Exercise requirements: Transcribe exactly each line of the entries, from the opening line to the line with "wallpaper Fruit salad on gray bowls", with both of those lines included.

Dataset items:
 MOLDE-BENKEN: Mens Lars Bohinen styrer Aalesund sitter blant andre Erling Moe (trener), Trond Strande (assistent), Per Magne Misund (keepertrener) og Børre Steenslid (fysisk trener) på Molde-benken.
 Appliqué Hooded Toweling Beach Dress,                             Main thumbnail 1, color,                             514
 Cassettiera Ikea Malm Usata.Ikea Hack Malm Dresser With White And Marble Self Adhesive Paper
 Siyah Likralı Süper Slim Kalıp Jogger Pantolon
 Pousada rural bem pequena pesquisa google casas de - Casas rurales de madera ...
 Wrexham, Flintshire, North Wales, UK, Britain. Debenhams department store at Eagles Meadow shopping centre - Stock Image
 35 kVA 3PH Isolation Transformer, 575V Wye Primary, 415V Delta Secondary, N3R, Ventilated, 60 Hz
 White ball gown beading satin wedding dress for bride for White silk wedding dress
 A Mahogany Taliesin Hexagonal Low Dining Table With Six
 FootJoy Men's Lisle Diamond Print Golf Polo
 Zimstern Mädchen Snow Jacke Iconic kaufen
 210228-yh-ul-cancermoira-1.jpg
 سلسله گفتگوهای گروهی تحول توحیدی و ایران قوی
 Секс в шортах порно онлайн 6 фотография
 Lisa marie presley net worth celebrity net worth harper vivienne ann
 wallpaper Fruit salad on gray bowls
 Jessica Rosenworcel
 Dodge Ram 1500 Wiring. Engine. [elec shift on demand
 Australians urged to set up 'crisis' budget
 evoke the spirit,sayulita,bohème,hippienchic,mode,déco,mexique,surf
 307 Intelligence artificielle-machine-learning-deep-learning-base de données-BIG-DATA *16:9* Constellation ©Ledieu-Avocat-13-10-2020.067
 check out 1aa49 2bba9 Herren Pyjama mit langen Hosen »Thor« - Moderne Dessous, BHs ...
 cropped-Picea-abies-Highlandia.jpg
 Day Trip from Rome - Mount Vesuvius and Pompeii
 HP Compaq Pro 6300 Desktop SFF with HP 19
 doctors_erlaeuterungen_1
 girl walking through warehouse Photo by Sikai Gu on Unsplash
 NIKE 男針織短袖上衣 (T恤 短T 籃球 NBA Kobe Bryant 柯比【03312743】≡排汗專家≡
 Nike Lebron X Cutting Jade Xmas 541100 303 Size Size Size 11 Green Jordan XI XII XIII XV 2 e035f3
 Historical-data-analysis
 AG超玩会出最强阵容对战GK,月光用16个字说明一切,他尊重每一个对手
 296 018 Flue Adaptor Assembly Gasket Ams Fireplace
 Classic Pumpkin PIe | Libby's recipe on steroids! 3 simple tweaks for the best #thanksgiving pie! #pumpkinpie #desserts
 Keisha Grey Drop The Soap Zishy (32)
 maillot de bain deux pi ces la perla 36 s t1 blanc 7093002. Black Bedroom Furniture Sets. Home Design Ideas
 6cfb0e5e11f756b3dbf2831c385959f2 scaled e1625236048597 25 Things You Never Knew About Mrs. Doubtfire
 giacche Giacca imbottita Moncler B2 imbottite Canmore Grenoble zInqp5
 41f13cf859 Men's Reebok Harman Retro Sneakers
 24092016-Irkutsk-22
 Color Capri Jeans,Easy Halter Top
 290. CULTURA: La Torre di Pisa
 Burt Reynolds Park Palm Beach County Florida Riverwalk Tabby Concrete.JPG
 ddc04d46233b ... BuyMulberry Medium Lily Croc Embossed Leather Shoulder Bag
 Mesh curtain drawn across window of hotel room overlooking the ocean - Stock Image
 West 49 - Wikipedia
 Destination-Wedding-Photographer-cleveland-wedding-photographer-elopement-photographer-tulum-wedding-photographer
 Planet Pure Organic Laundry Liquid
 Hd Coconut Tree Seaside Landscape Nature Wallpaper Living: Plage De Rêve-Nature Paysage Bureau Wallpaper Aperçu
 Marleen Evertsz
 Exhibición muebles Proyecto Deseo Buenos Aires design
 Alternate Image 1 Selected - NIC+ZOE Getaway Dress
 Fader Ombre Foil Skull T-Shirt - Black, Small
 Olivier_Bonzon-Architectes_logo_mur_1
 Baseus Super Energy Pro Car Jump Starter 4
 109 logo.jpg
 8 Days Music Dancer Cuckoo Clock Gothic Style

Problem solution:
 MOLDE-BENKEN: Mens Lars Bohinen styrer Aalesund sitter blant andre Erling Moe (trener), Trond Strande (assistent), Per Magne Misund (keepertrener) og Børre Steenslid (fysisk trener) på Molde-benken.
 Appliqué Hooded Toweling Beach Dress,                             Main thumbnail 1, color,                             514
 Cassettiera Ikea Malm Usata.Ikea Hack Malm Dresser With White And Marble Self Adhesive Paper
 Siyah Likralı Süper Slim Kalıp Jogger Pantolon
 Pousada rural bem pequena pesquisa google casas de - Casas rurales de madera ...
 Wrexham, Flintshire, North Wales, UK, Britain. Debenhams department store at Eagles Meadow shopping centre - Stock Image
 35 kVA 3PH Isolation Transformer, 575V Wye Primary, 415V Delta Secondary, N3R, Ventilated, 60 Hz
 White ball gown beading satin wedding dress for bride for White silk wedding dress
 A Mahogany Taliesin Hexagonal Low Dining Table With Six
 FootJoy Men's Lisle Diamond Print Golf Polo
 Zimstern Mädchen Snow Jacke Iconic kaufen
 210228-yh-ul-cancermoira-1.jpg
 سلسله گفتگوهای گروهی تحول توحیدی و ایران قوی
 Секс в шортах порно онлайн 6 фотография
 Lisa marie presley net worth celebrity net worth harper vivienne ann
 wallpaper Fruit salad on gray bowls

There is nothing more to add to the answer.